Try and find a consistent terminology to separate instance data from type data - this will make life easier later when you're patching a live game and trying not to trash the hard work of your players by editing the wrong tables. This also makes caching a lot easier - you can typically cache your class/type data with impunity because it only ever changes when you, the designer, pushes new data up there. You can run it through memcached, or consider loading it all at start up time if your game has a continuous process (ie. is not PHP/ASP/CGI/etc), etc.
Remember that deleting anything from your design-side data is risky once you go live, since player-generated data may refer back to it. Test everything thoroughly locally before deploying to the live server because once it's up there, it's hard to take it down. Consider ways to be able to mark rows of such data as removed in a safe fashion - maybe a boolean 'live' column which, if set to false, means it just won't show up in the typical query. Think about the impact on players if you disable items they earned (and doubly if these are items they paid for).

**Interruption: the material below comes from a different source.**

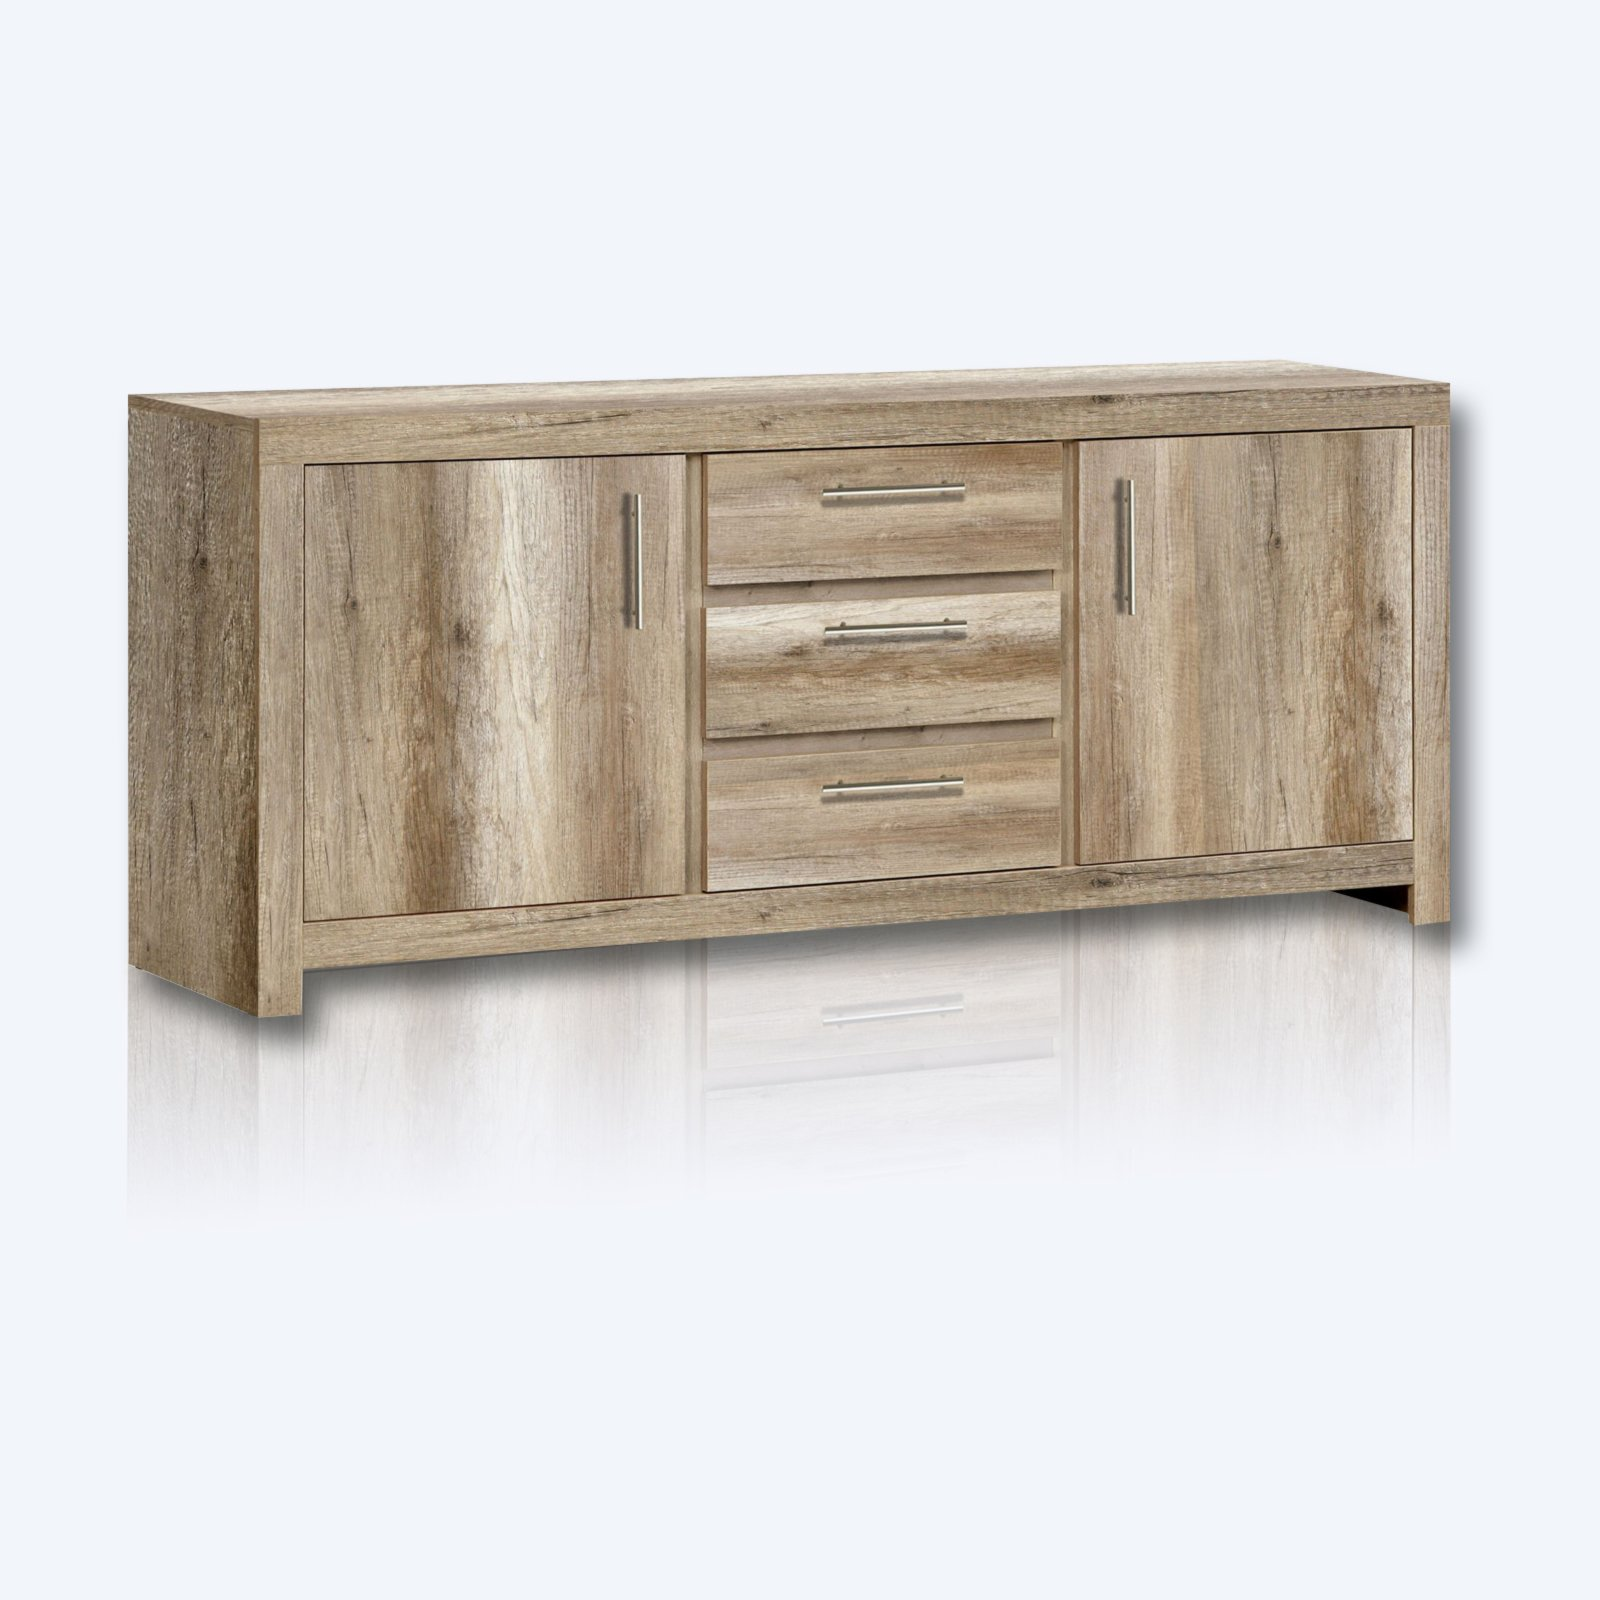 kommode imola eiche antik 166 cm breite kommoden sideboards m bel roller m belhaus. Black Bedroom Furniture Sets. Home Design Ideas

The actual crafting side can't really be answered without knowing how you want to design your game. The database design must follow the game design. But I'll run through a trivial idea. Maybe you will want to be able to create a basic object and then augment it with runes or crystals or whatever. For that, you just need a one-to-many relationship between item instance and augmentation instance. (Remember, you might have item type and augmentation type tables too.) Each augmentation can specify a property of an item (eg. durability, max damage done in combat, weight) and a modifier (typically as a multiplier, eg. 1.1 to add a 10% bonus). You can see my explanation for how to implement these modifying effects here and here - the same principles apply for temporary skill and spell effects as apply for permanent item modification.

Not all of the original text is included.